# Questions about the orchestra



## Edward Elgar (Mar 22, 2006)

This may be of use to some of you with burning questions about the orchestra or how an orchestra operates. I have a small quiery of which I hope you will help me with.

I'm entering a competition whereby I have to write for an orchestra described as: 

2+pic/2+eh/2+bc/2+cbn-4/3/3/1-timp+3-piano-harp-strings 

Am I right in thinking that the piccolo, cor anglise, bass clarinet and contrabassoon are to be played by seperate players or simply by the 2nd flautist, 2nd oboist, e.t.c.

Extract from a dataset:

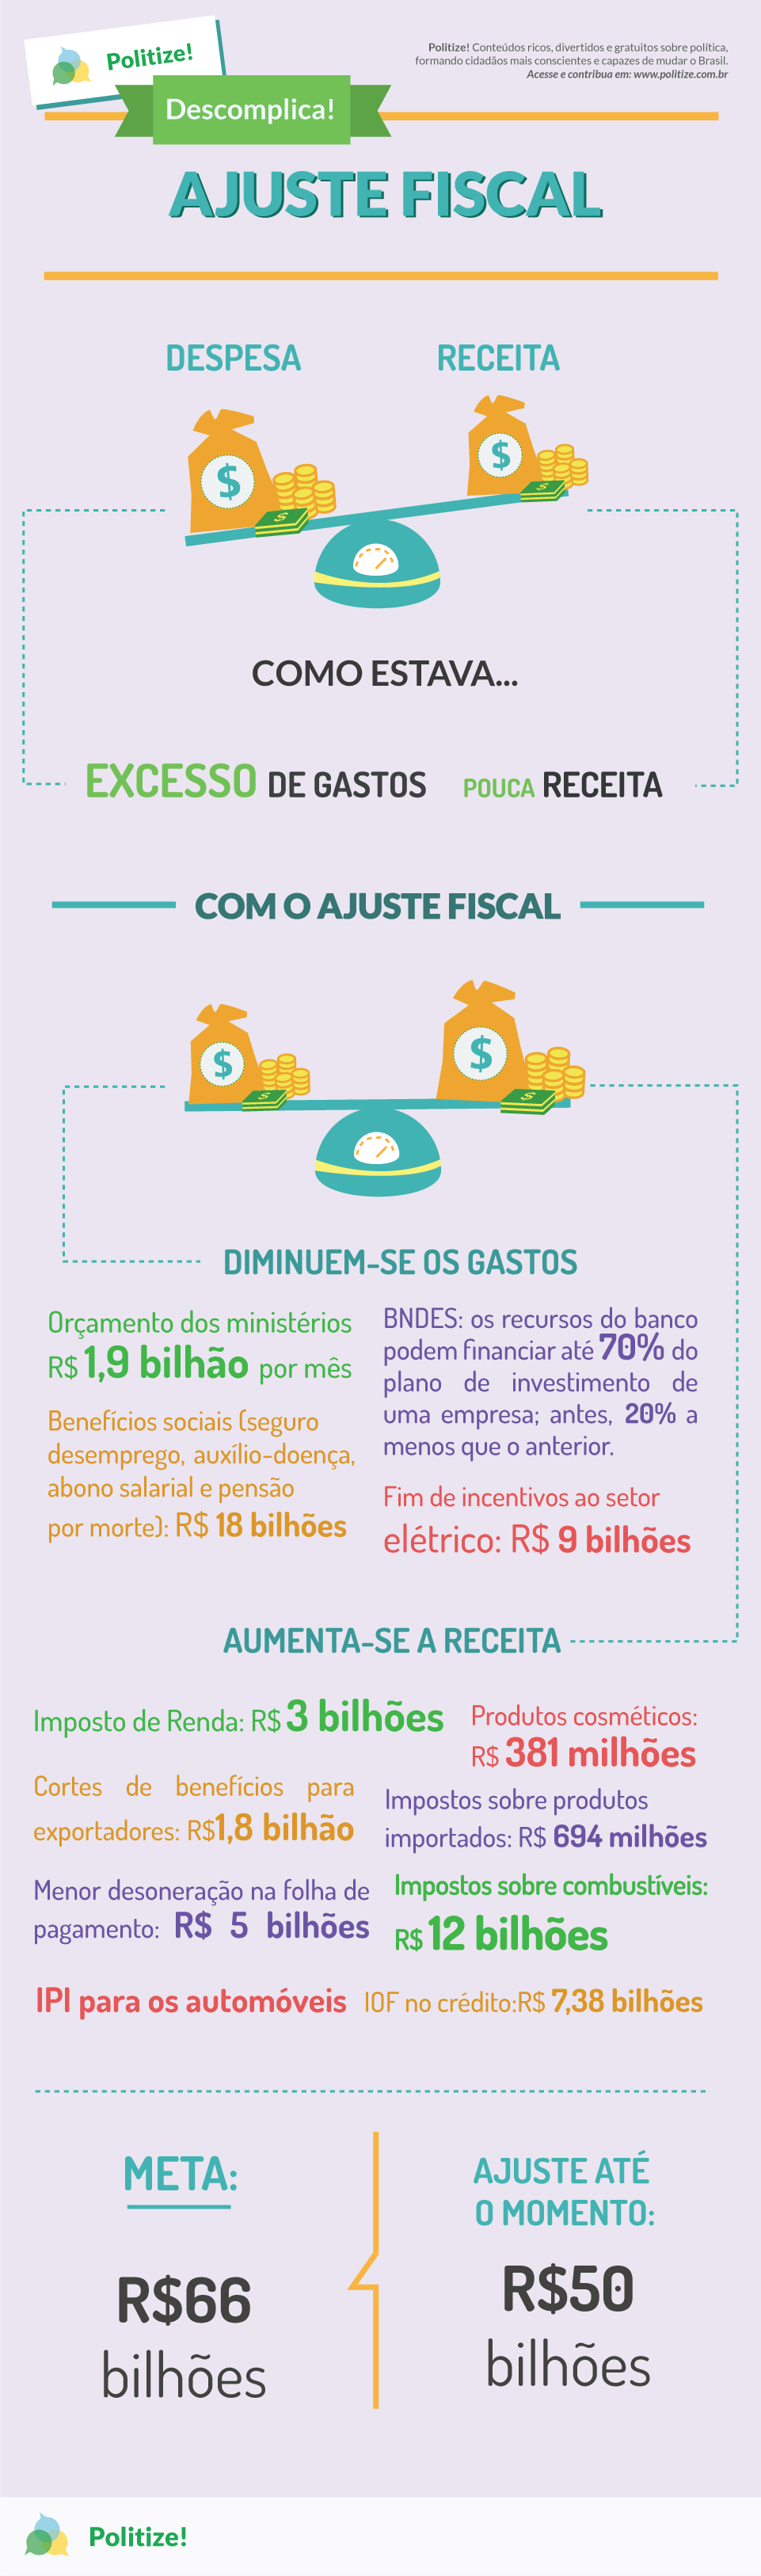 ajuste-fiscal-infografico

Also, am I right in thinking that there are to be 4 horns, 3 trumpets, 3 trombones (is it 2 normal trombones n then a bass trombone?) and a tuba?

Could it also be that only three timpani are allowed? I know this should be obvious but I just want 2 be sure as I can be.


----------



## PostMinimalist (May 14, 2008)

You are right about almost everything. Yes seperate players for the extra ww. (12 players in all) 

just note this:

the +3 after the timps is the number of percussionists (not including the timpanist) at your disposal.

FC


----------



## hdk132 (Mar 18, 2009)

3rd trombone = bass trombone


----------



## Herzeleide (Feb 25, 2008)

If there's any mention of 'doubling' then it means that one of the woodwind players switches between the standard and auxillary instruments. It's hard to tell just from '2+pic', so I'm not sure that you should assume that there will be extra woodwind players.


----------



## handlebar (Mar 19, 2009)

post-minimalist said:


> You are right about almost everything. Yes seperate players for the extra ww. (12 players in all)
> 
> just note this:
> 
> ...


Agreed.

Jim


----------